◆ DATASET EXCERPT ◆

☆ ☆ ☆ ☆ ☆

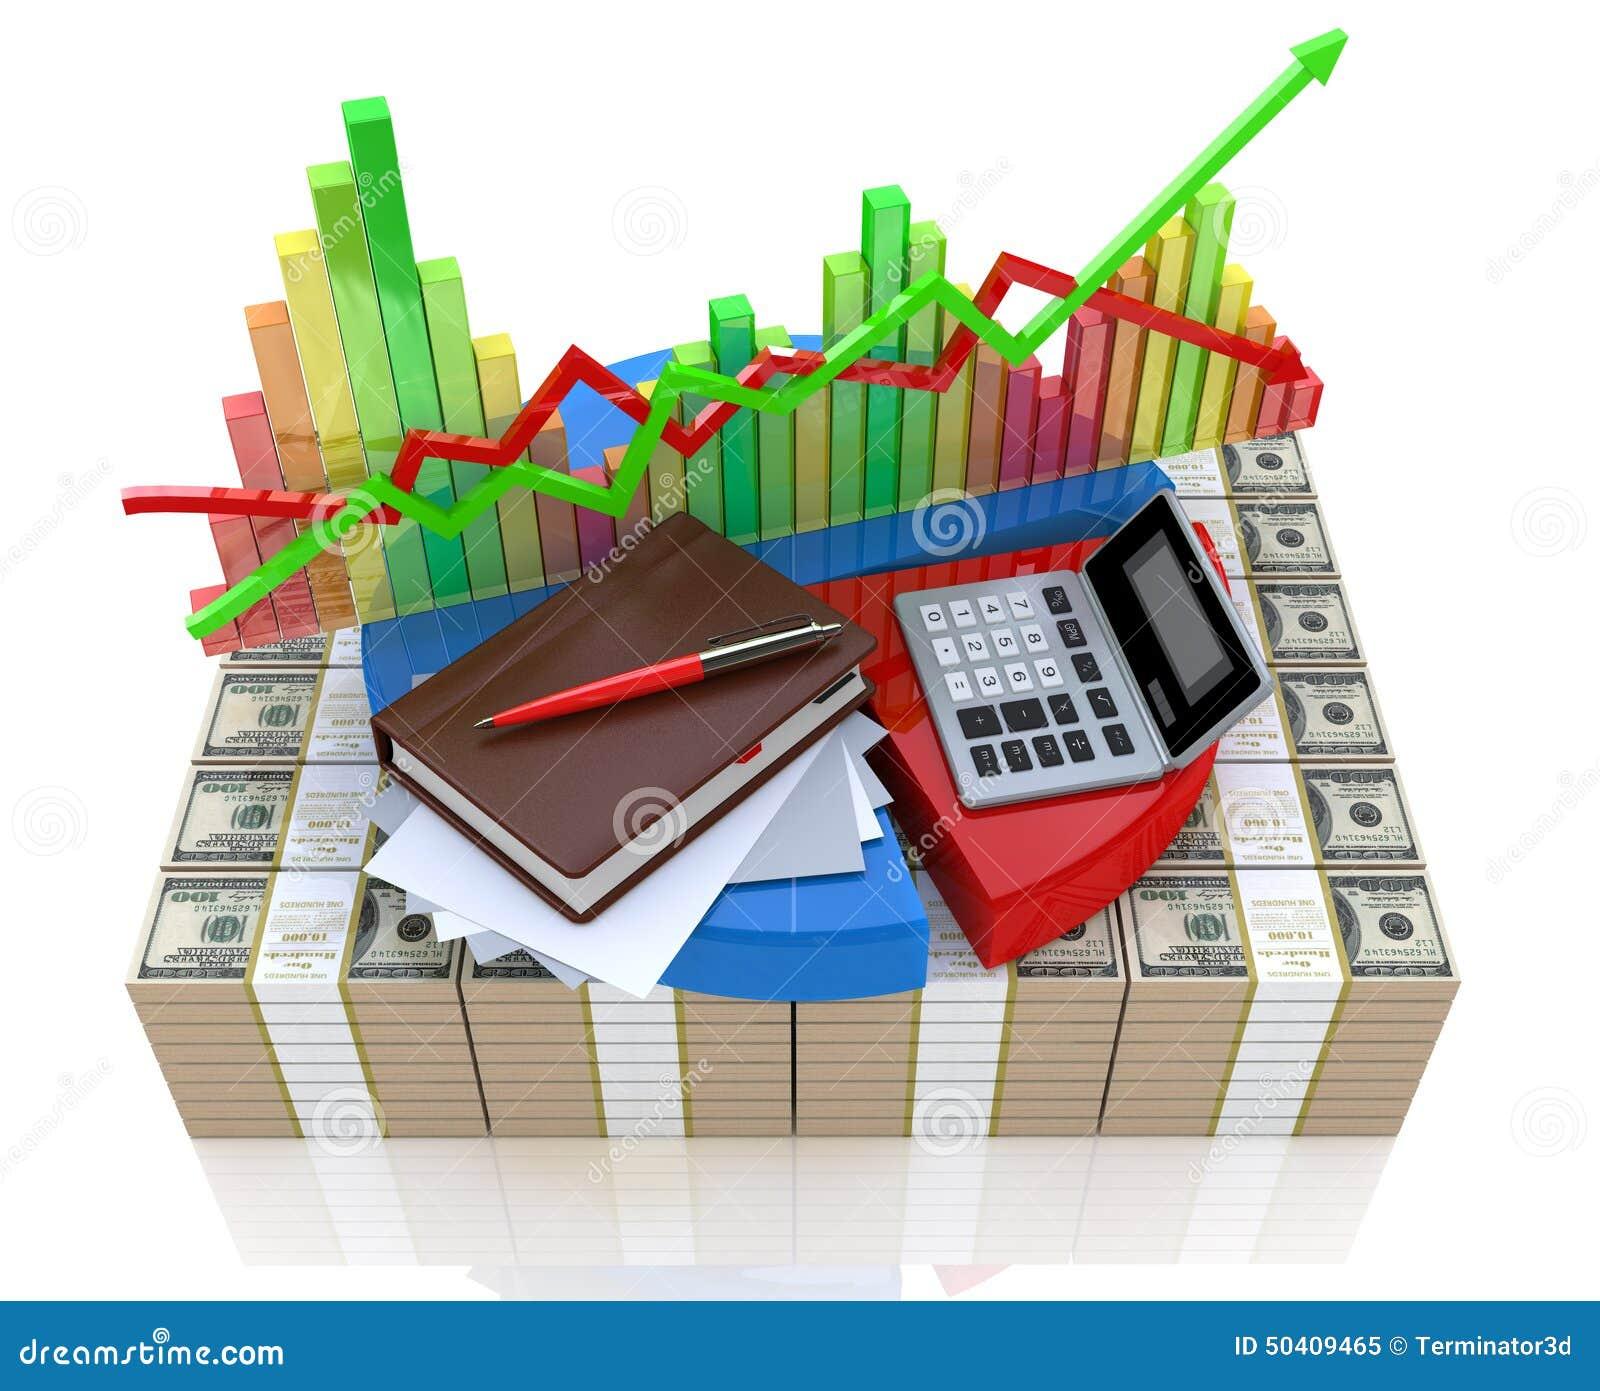 Cálculo de negócio - análise do mercado financeiro
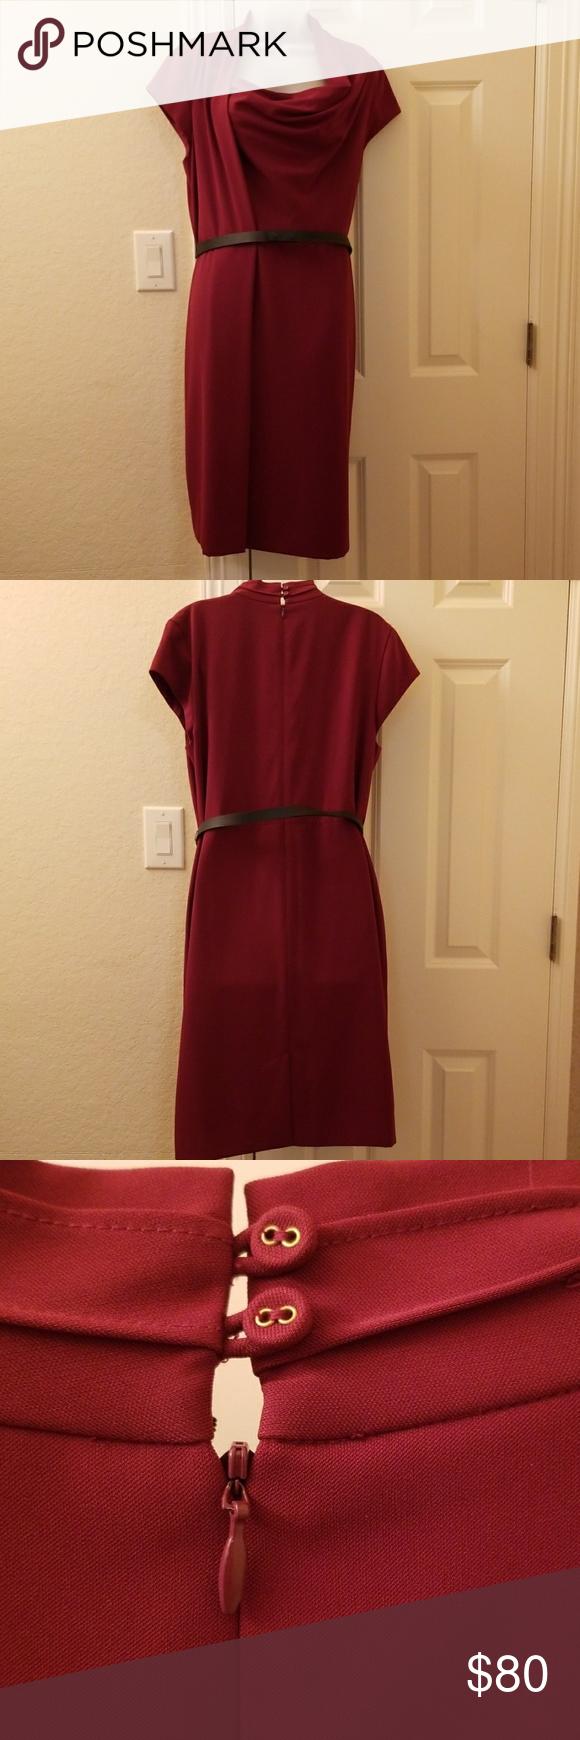 Nordstrom Brick Red Dress Red Dress Sophisticated Dress Nordstrom Dresses [ 1740 x 580 Pixel ]
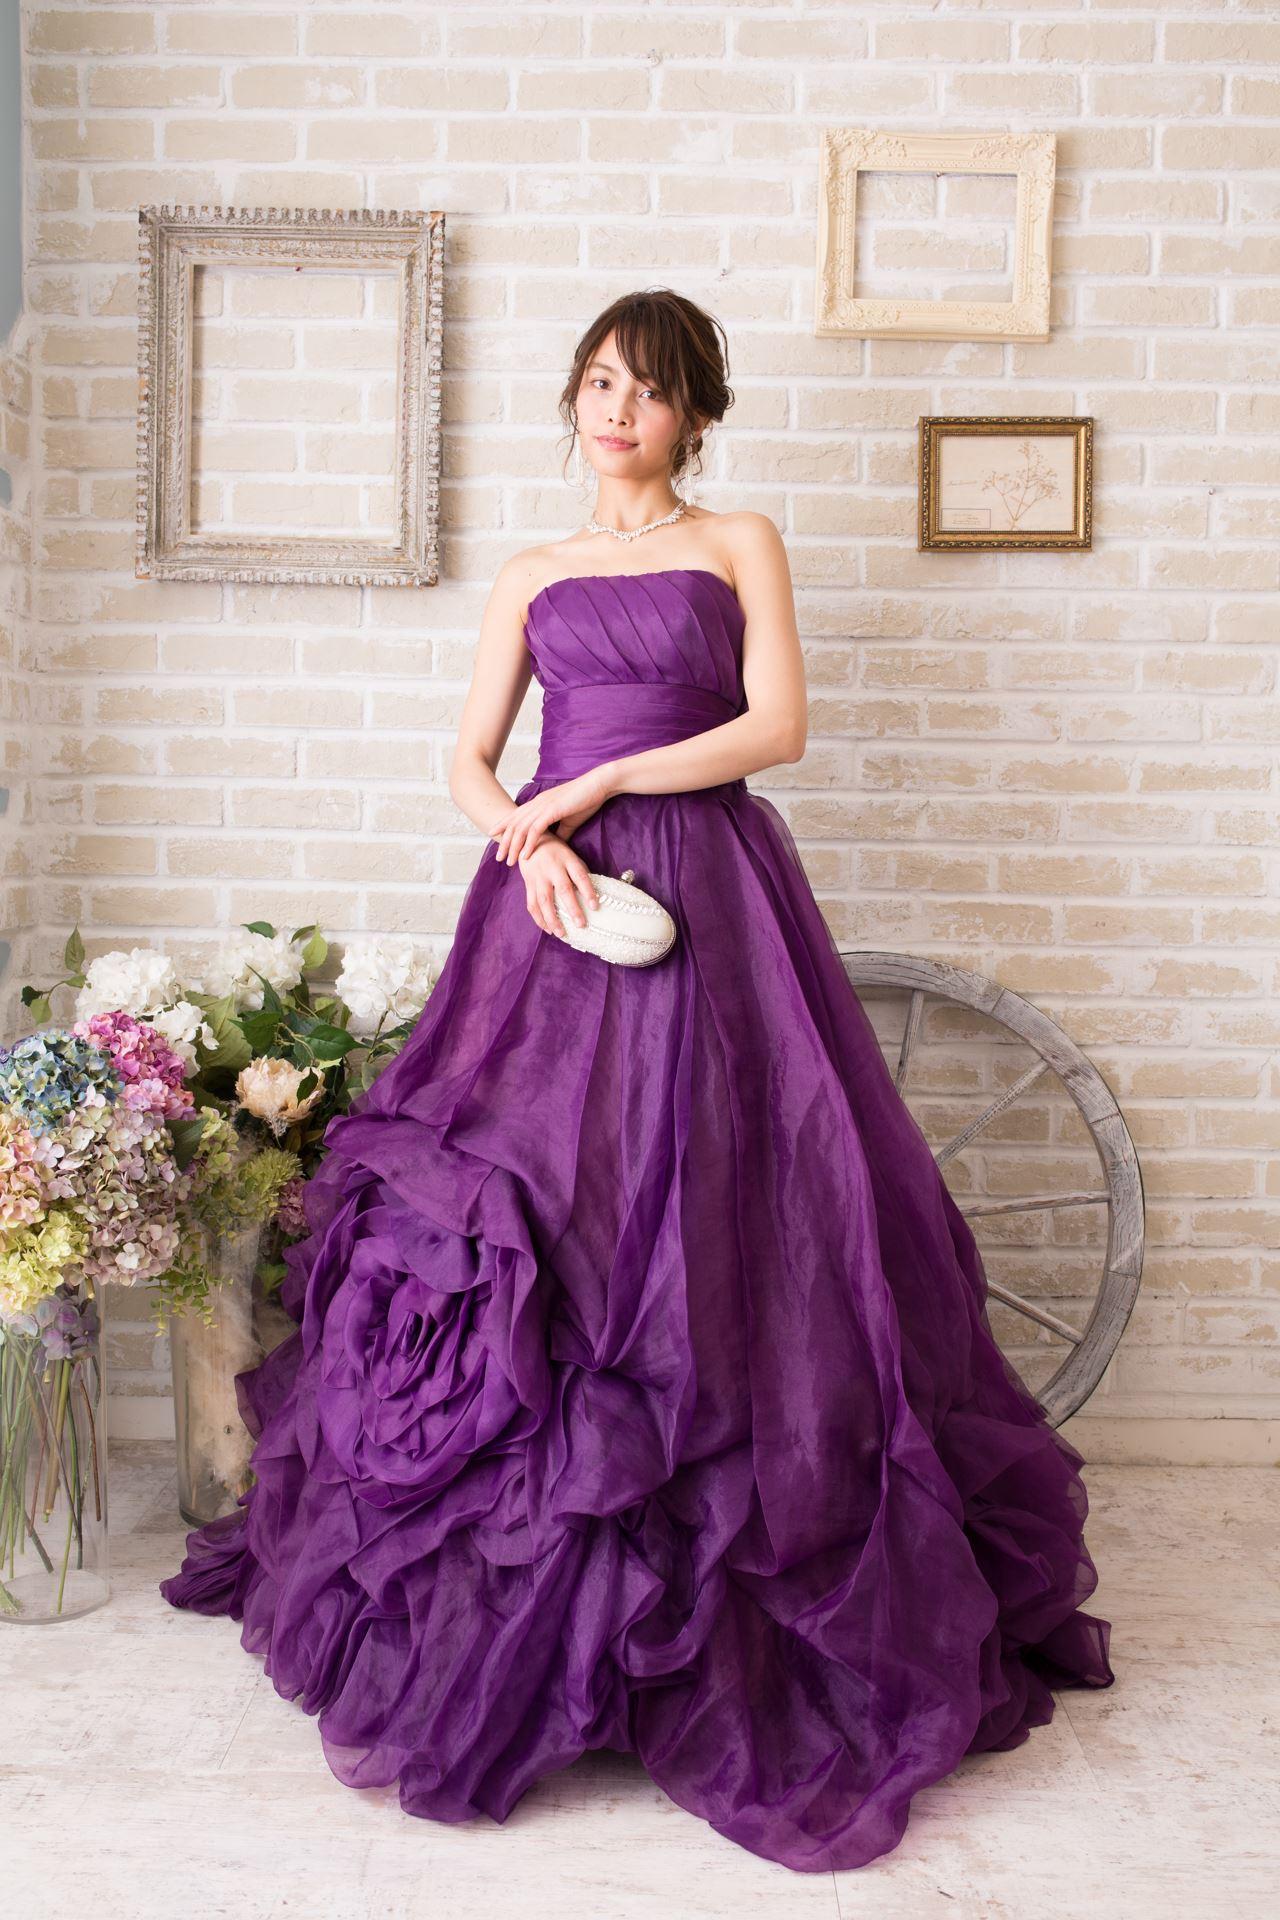 yk_nr_dress_447

☆ ☆ ☆ ☆ ☆

◆ WORK TO COMPLETE ◆
Only the pictures should be left out; the rest of the material above must be repeated exactly.

◆ OUTPUT BELOW ◆
 Cálculo de negócio - análise do mercado financeiro
 Nordstrom Brick Red Dress Red Dress Sophisticated Dress Nordstrom Dresses [ 1740 x 580 Pixel ]
 yk_nr_dress_447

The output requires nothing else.